Information supplied.

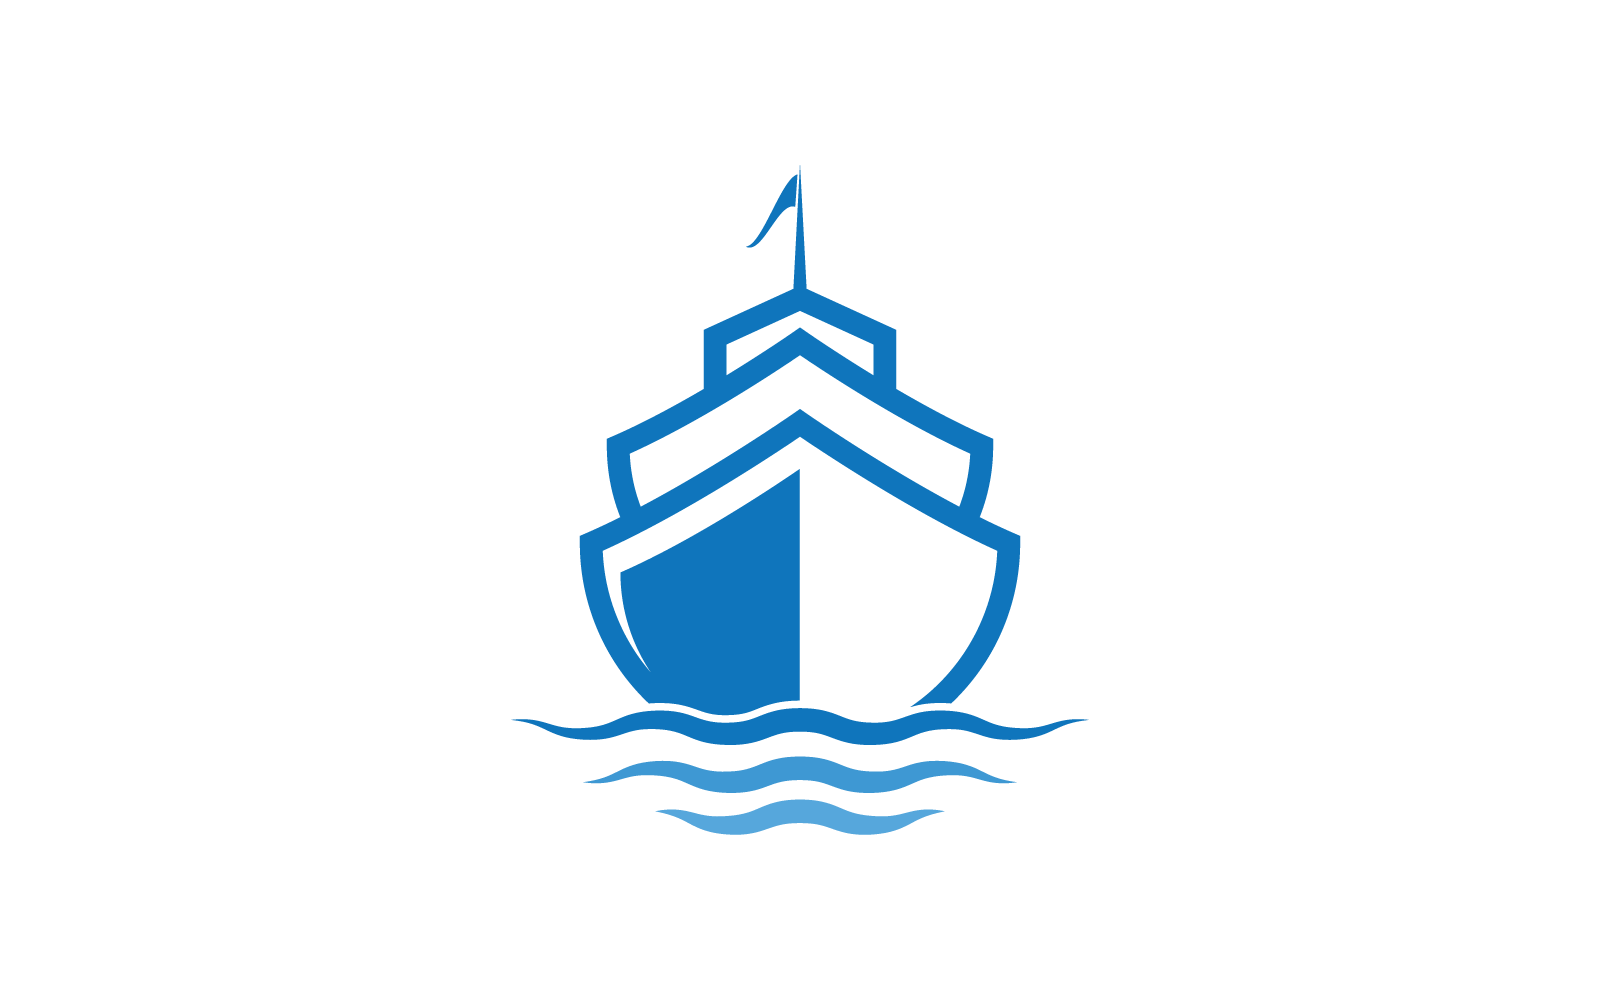 Cruise ship Logo Template vector icon flat design
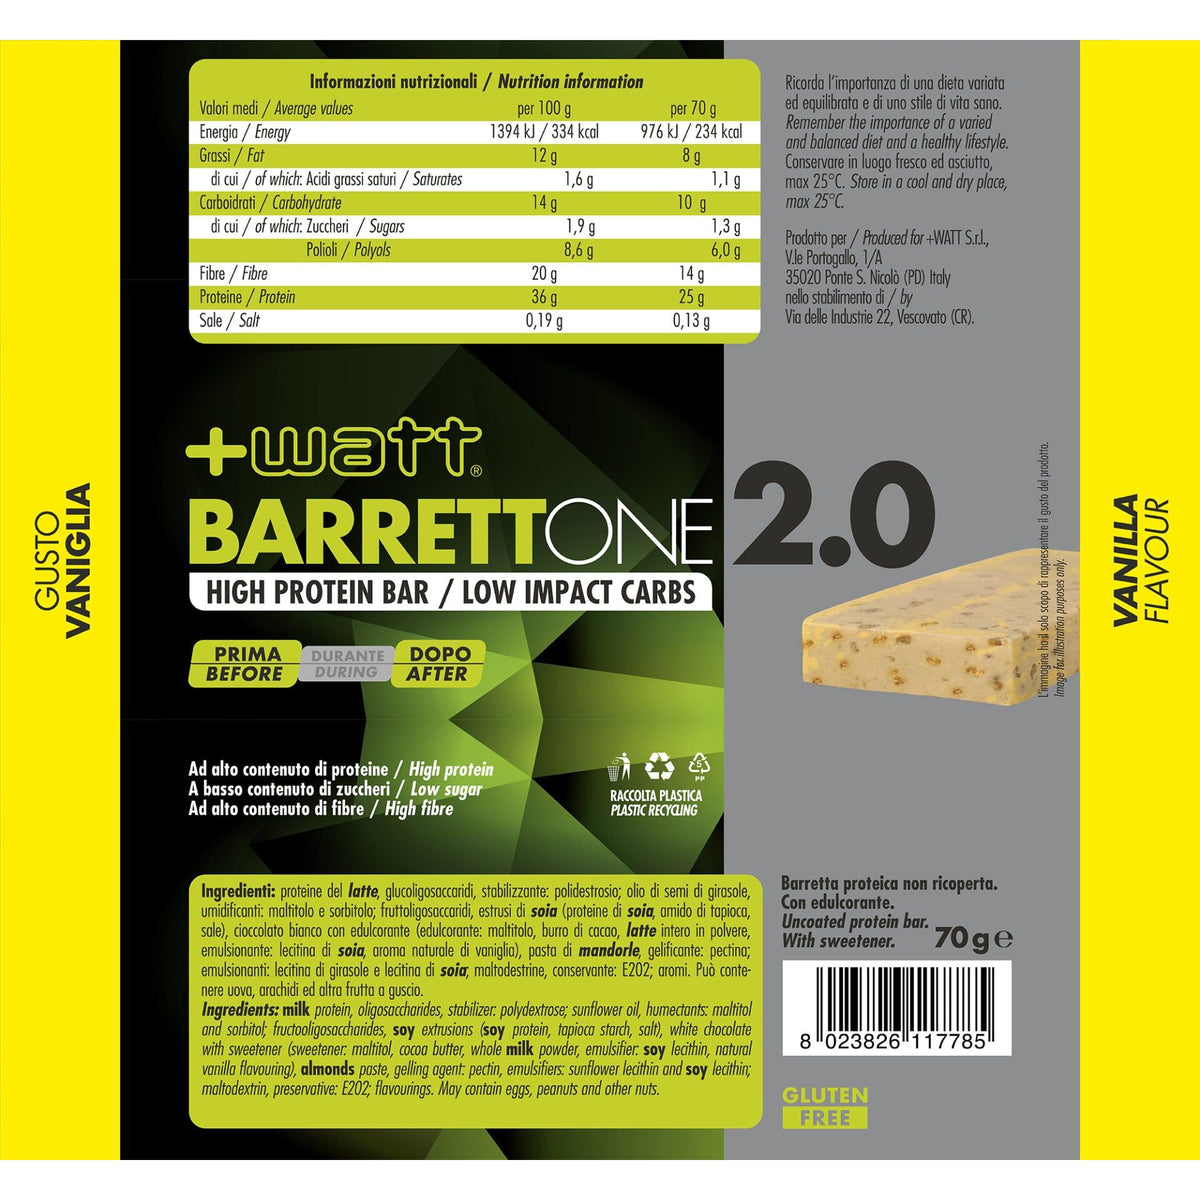 Barrettone 2.0 - barretta 70g - +WATT
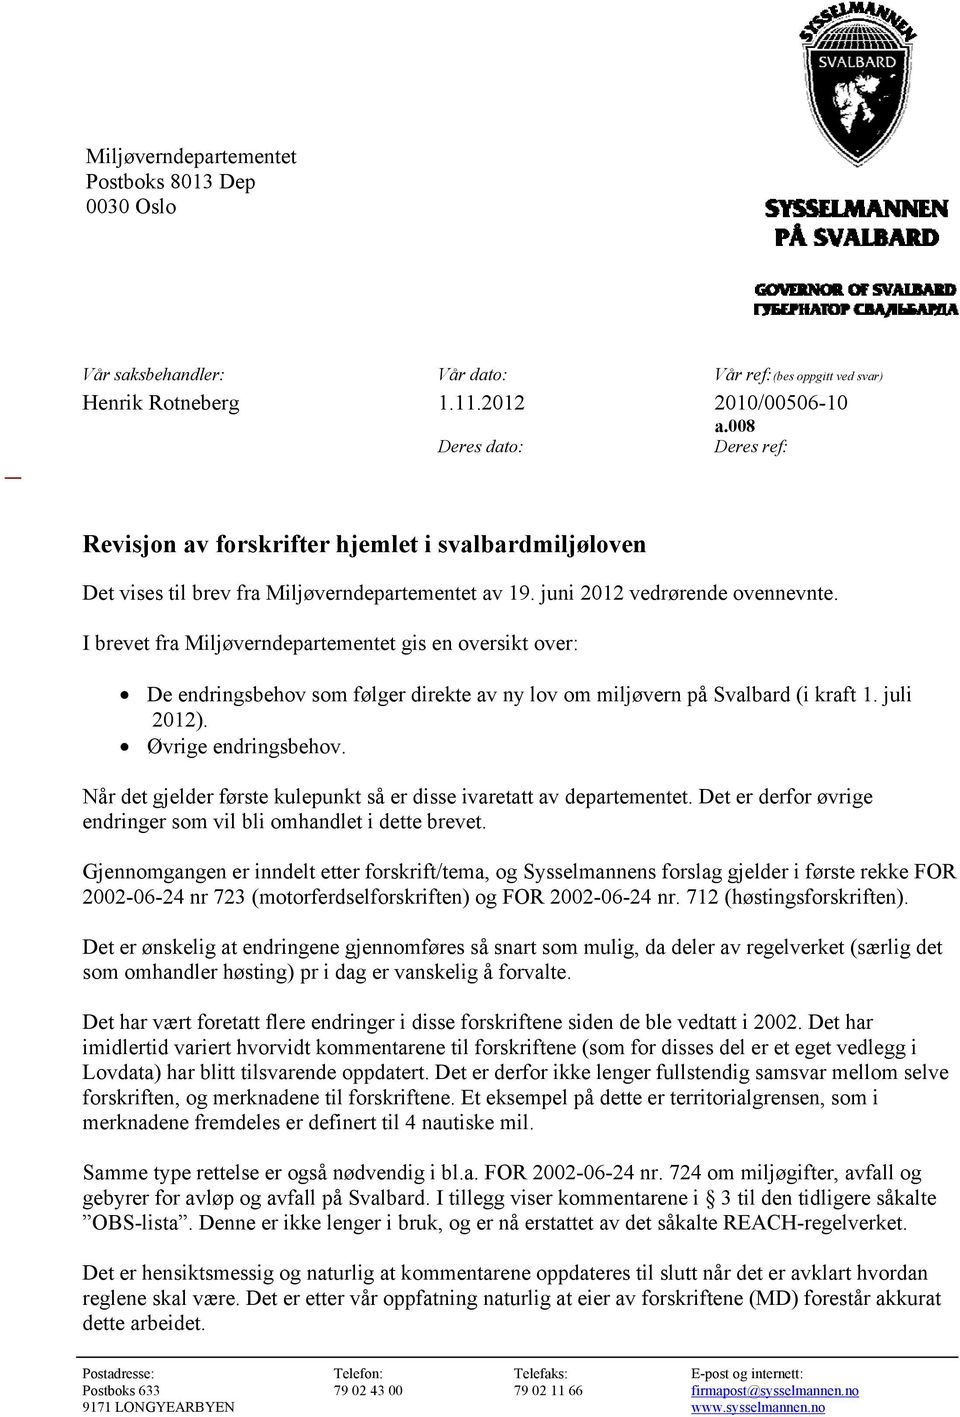 I brevet fra Miljøverndepartementet gis en oversikt over: De endringsbehov som følger direkte av ny lov om miljøvern på Svalbard (i kraft 1. juli 2012). Øvrige endringsbehov.
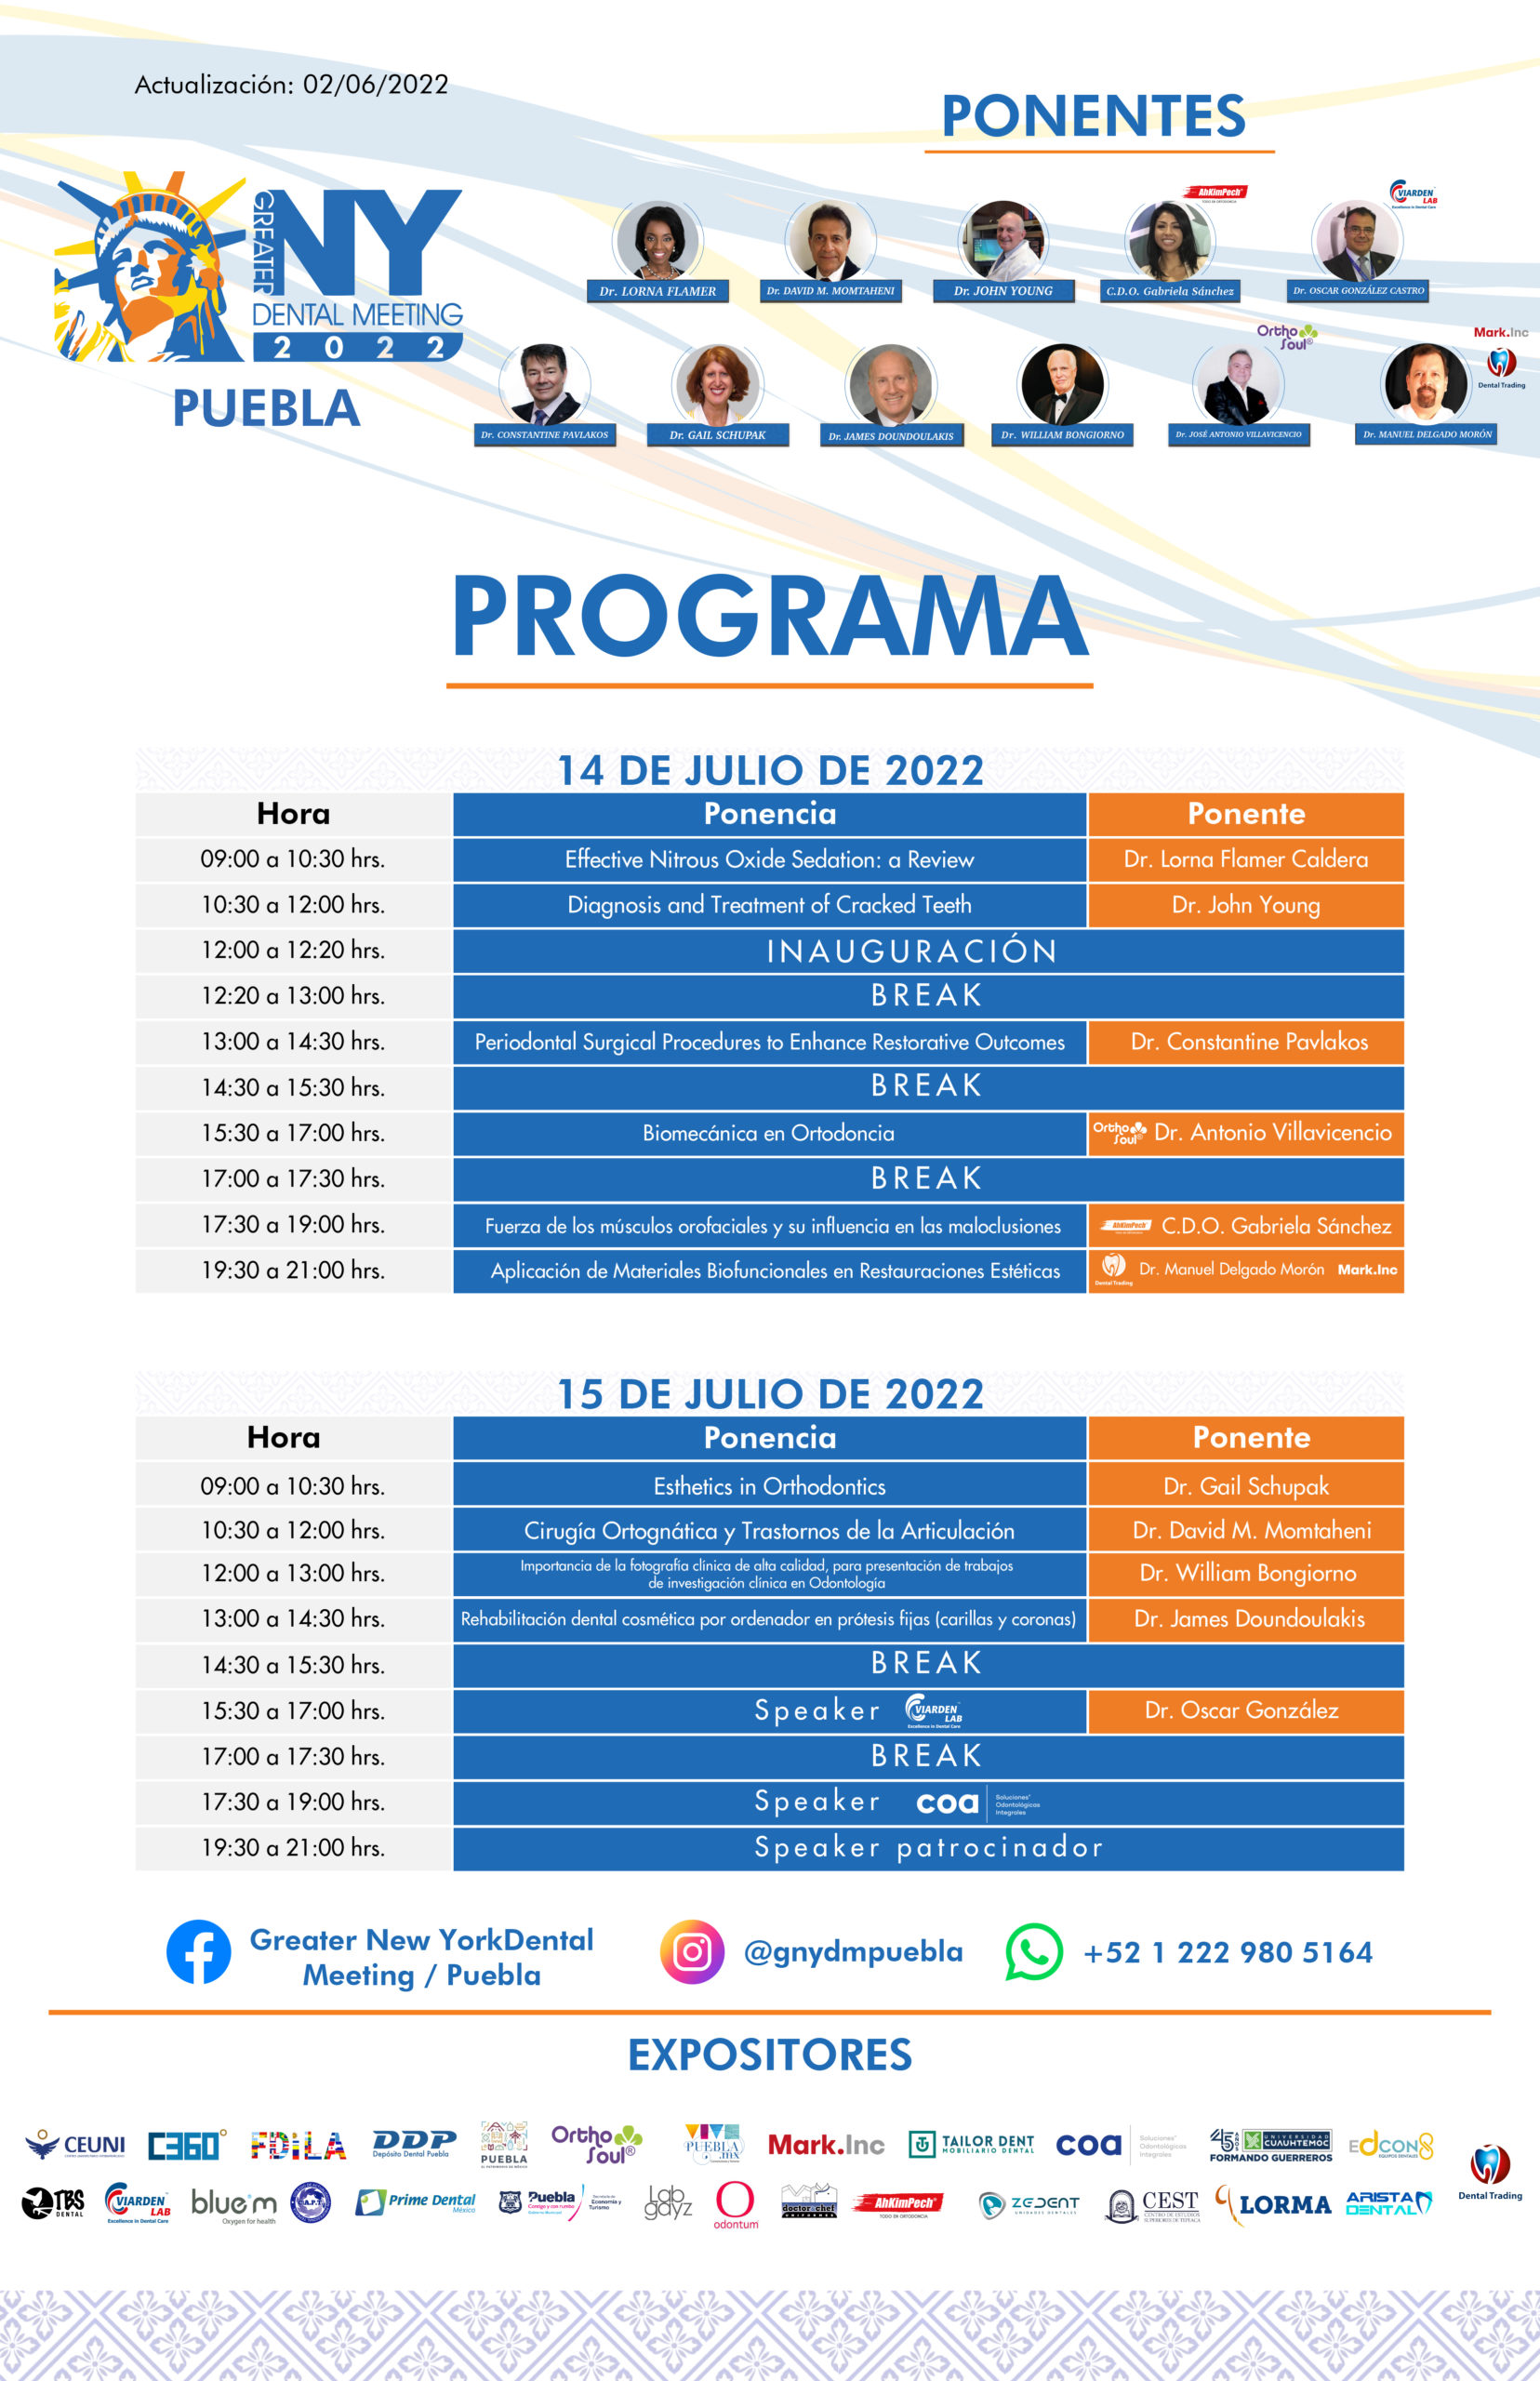 GNYDM Puebla Programa 02 06 2022 ViardenLab

Work to be completed.
The output must match, line for line, the span from the line containing "I brevet fra" through the end of the data, with the pictures removed.

Your response.
 I brevet fra Miljøverndepartementet gis en oversikt over: De endringsbehov som følger direkte av ny lov om miljøvern på Svalbard (i kraft 1. juli 2012). Øvrige endringsbehov.
 GNYDM Puebla Programa 02 06 2022 ViardenLab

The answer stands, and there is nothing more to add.